I guess this answers at least part of the question, so I will post it as an answer. As in my comment above: the correct generalization is that if $X \subset Y$ is a closed subvariety, if $X$ and $Y$ are both irreducible, and if $\dim X = \dim Y$, then $X = Y$. At this level of generality this is an application of the noetherian property of finite-dimensional varieties over a field together with the definition of irreducible. From this you can deduce that even if $X$ is locally closed in $Y$, it must be dense (since $X$ has the same dimension as its closure). An even more general form of this theorem is that if you have merely a dominant map $X \to Y$ (that is, its image is dense) then the minimal dimension of a fiber is $\dim X - \dim Y$ and this occurs generically ($X$ and $Y$ should still be irreducible).

This is often combined with another theorem: if $X$ is irreducible and $X \to Y$ is surjective, then so is $Y$; conversely, if $Y$ is irreducible and the fibers of that map are irreducible of the same dimension, then so is $X$. Now you can perform the following trick beloved of algebraic geometers (e.g. anything in Harris' "Algebraic Geometry: A First Course", under the aegis of "incidence correspondences"; this theorem is 11.14): to compute the dimension of $Y$, cover it by $X$ and then have $X$ cover some other, irreducible $Z$ whose dimension is easy to compute.
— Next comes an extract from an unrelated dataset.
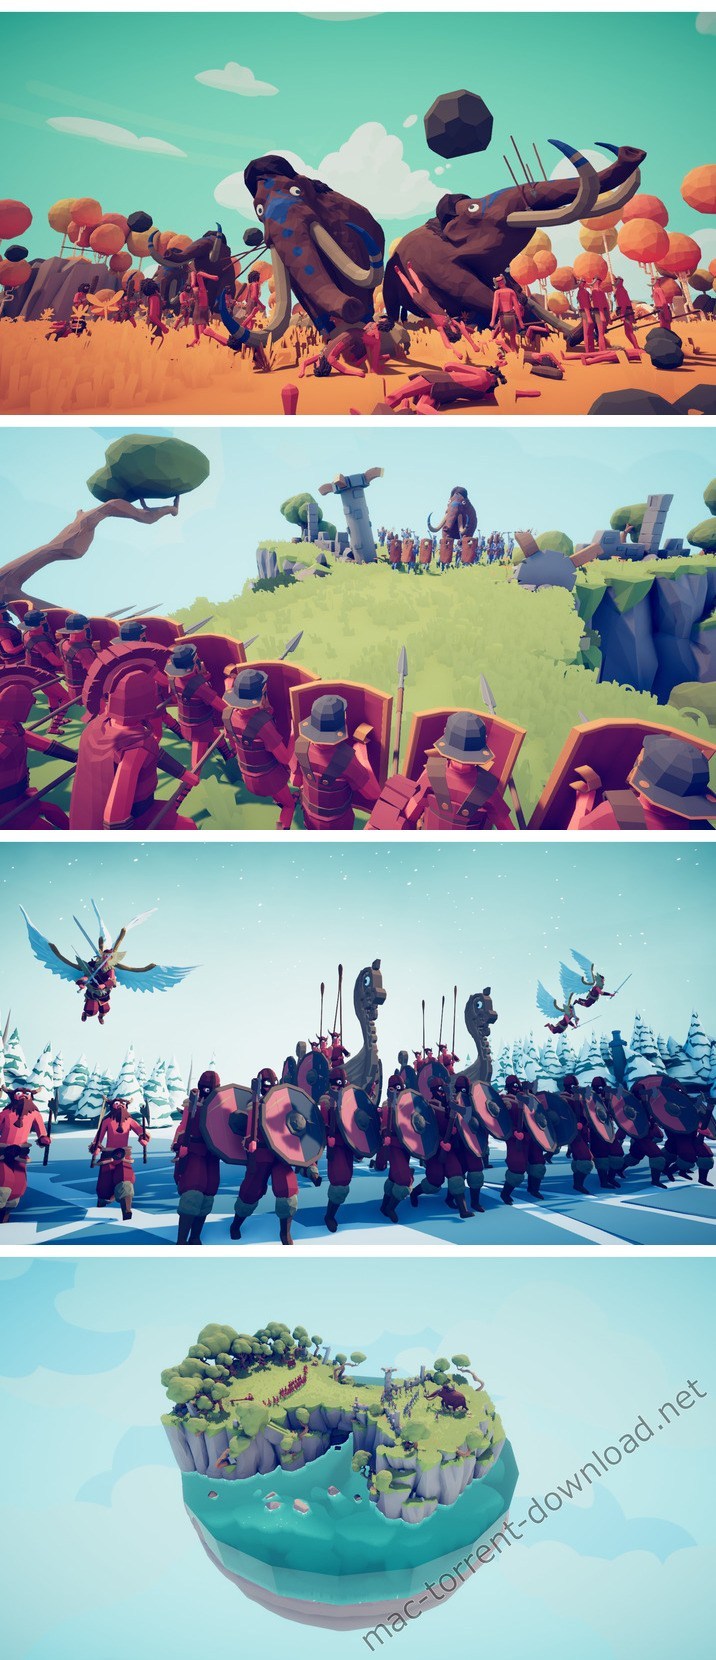 Totally accurate battle simulator download pc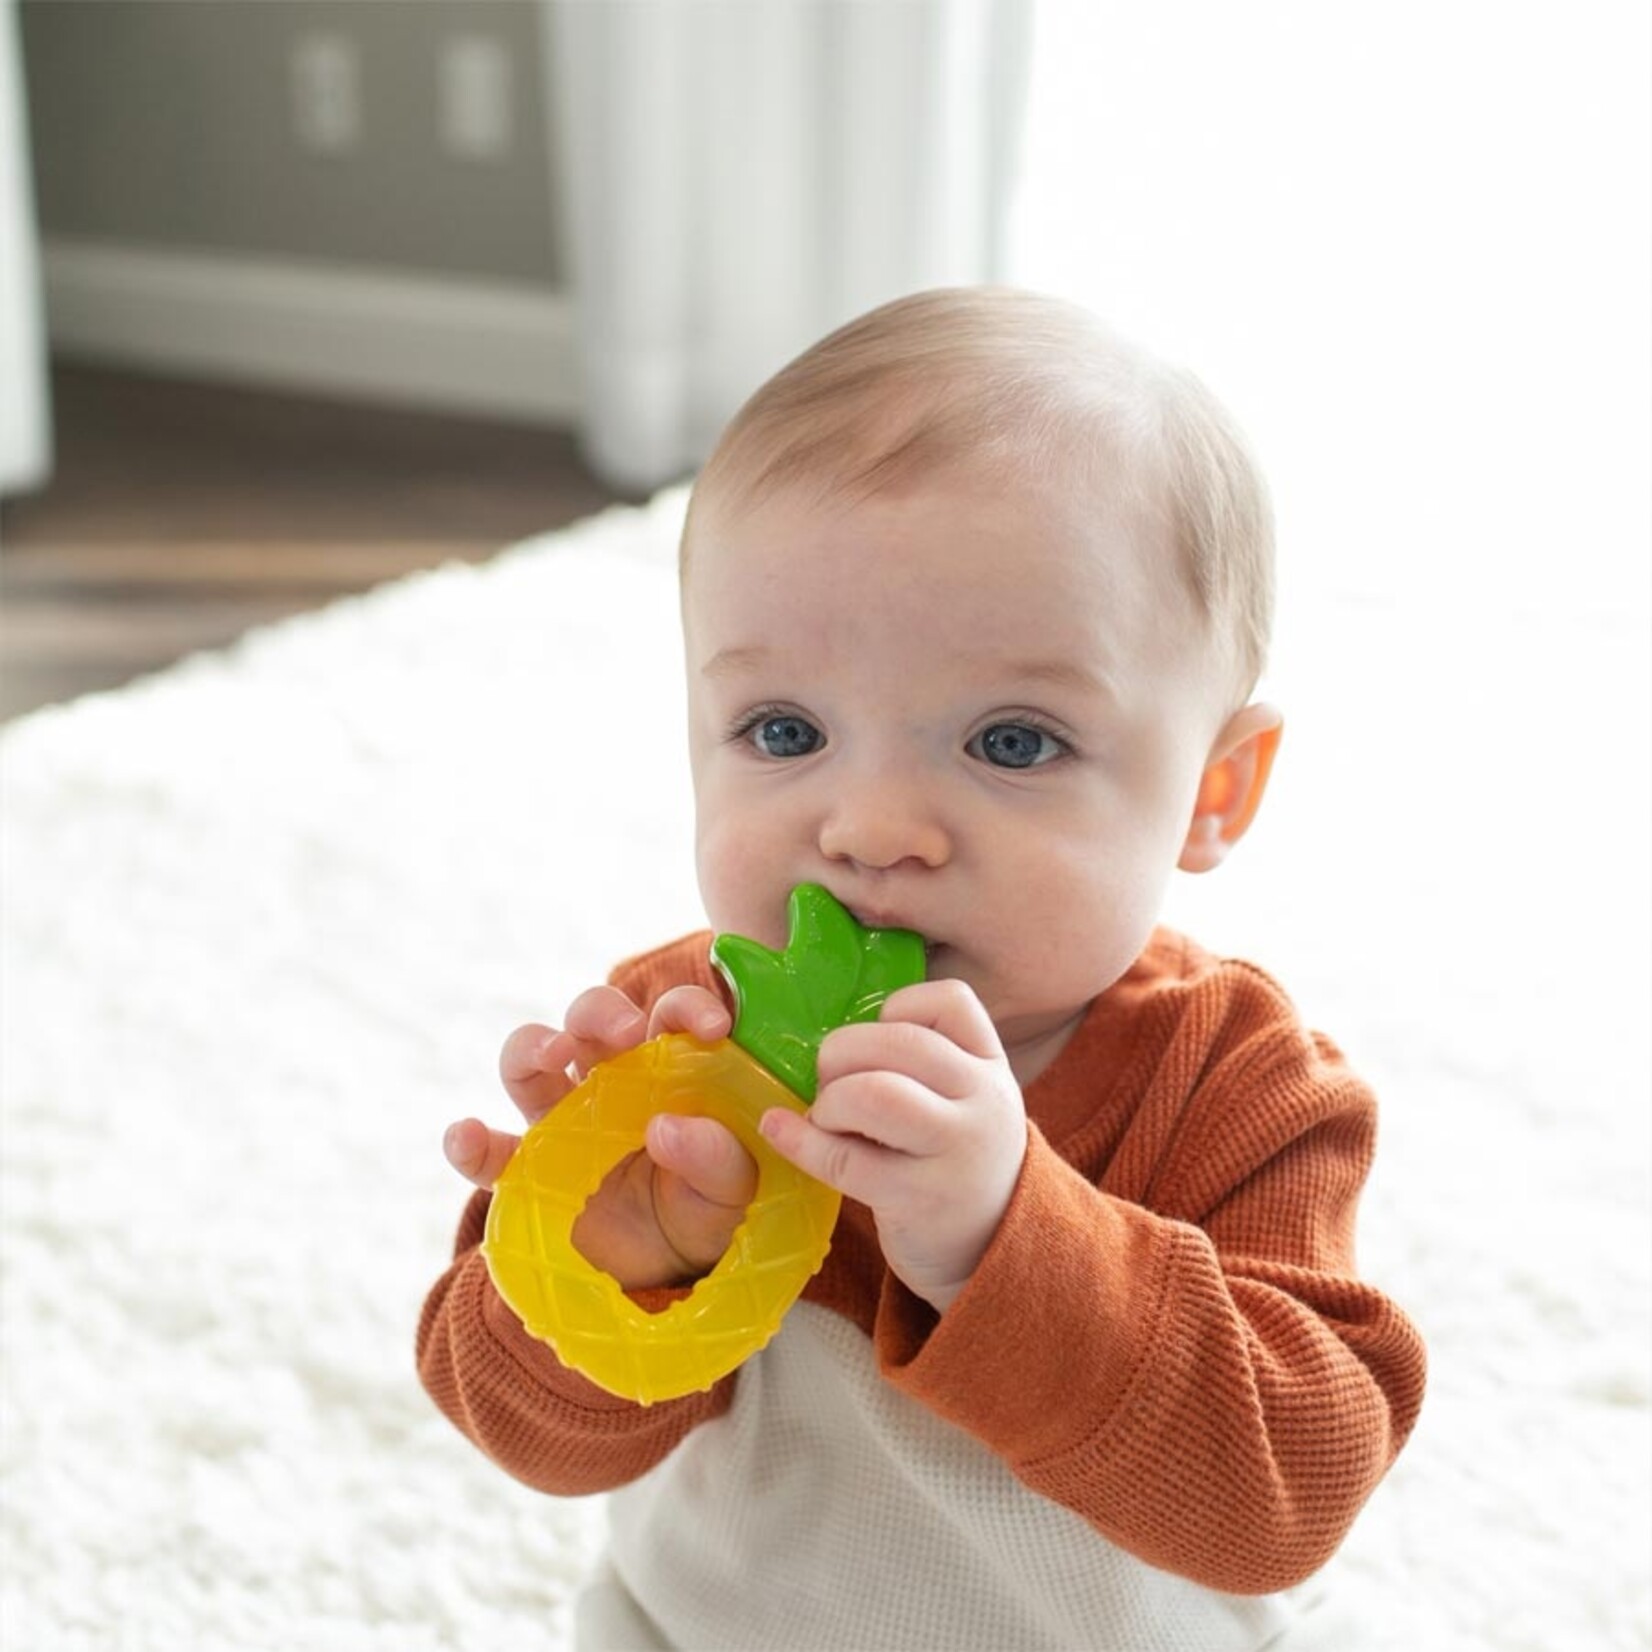 Dr Browns DR BROWNS AQUACOOL WATER-FILLED TEETHERS 2PK APPLE/PINEAPPLE

Then apply both the irreducibility and dimension theorems twice. Unfortunately, unless they are all projective varieties (which they often are in applications of this method) this is more of a way of computing dimension than of showing that maps are surjective (however, see for example the appendix to section 4 of Mumford's "Abelian Varieties" for an impressive example of this).

To show that $X \to Y$ is surjective, one general method that comes to mind is to show that it is dominant and has some kind of "closure" property. Either it could be actually closed, or perhaps you have a group acting on both $X$ and $Y$, transitively on $Y$, for which the map is equivariant. IANAAG (I am not an algebraic geometer) so this is probably hopelessly naive as far as general methods go.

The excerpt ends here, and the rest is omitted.